This also questions the wisdom of the state and the political class which wants a non-discriminatory regime. What right do we have to oppose the dictates of Khap Panchayats or other such Panchayats which every day issue dictates which often run not just parallel but opposite to the law of the land. When a fatwa is unleashed to implement Shariat Law the centre maintains a stoic silence. Champions of freedom of speech fail to live up to their own commitments when extremists issue fatwas against Taslima Nasrin and Salman Rushdie. What else does it proof except the fact that when it comes to opposing the minority communalism the non-right wing political formations become highly ambiguous and amorphous in their response.

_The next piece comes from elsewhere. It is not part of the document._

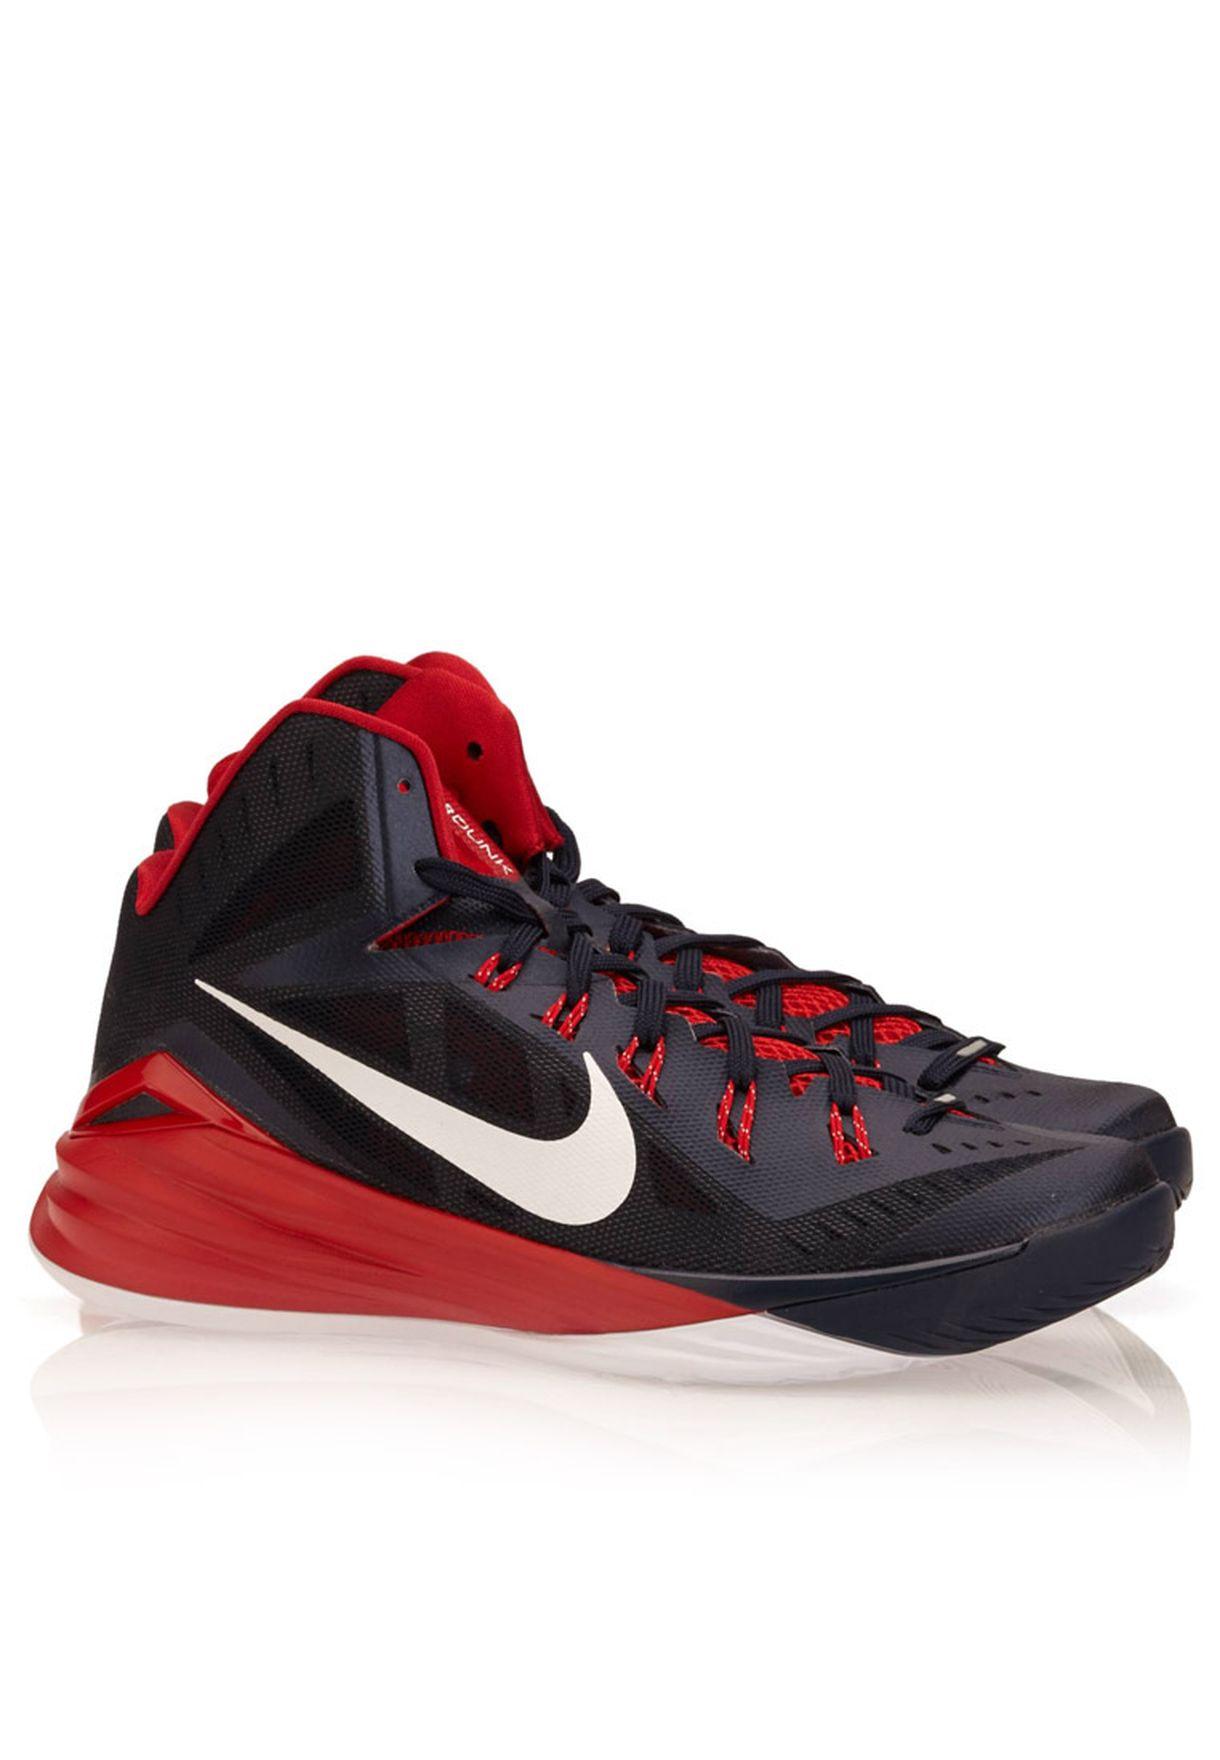 huge discount 7a129 7c9f1 Shop Nike multicolor Hyperdunk 2014 653640-416 for Men in UAE ...

In last one decade the UPA government at the centre has promoted a sense and vision of communalism in subtle form. And it all started with the address of the prime minister from the rampart of the Red Fort that the Muslims have the first right on national resources. This created a major political ruckus in the country. But government kept pursuing this line for political harvest. Creation of special credit policy for minorities (read Muslims), creation of Sachar committee to conclude and suggest premeditated results, instigating debates for religion based reservation in government services, religion based headcounts in government offices, scores of other programmes suggest that the government has been taking the policy decisions to benefit a particular religious denomination.

Community centric policies create community centric responses also. Certainly, if one community is benefited from the social policy others would feel left out and discriminated. If majority dominance leads to a sense of isolation in the minds of minority, similarly, minority centric policy initiative also breeds a sense of deprivation among the majority.

Liberal democracy visualised a democracy in which everyone is supposed to vote as individual voter based on rational judgement of the policies. What is happening that instead of encouraging a policy without caste and religious tilt, we have been framing policies which accentuate the same. We want to eliminate caste by pursuing caste based policies.

We want a society where there is no communalism. But we encourage the policies which are religion based it is certain to polarise society on religious lines. If minority consolidates itself in name of minority, majority polarisation and consolidation is bound to come up.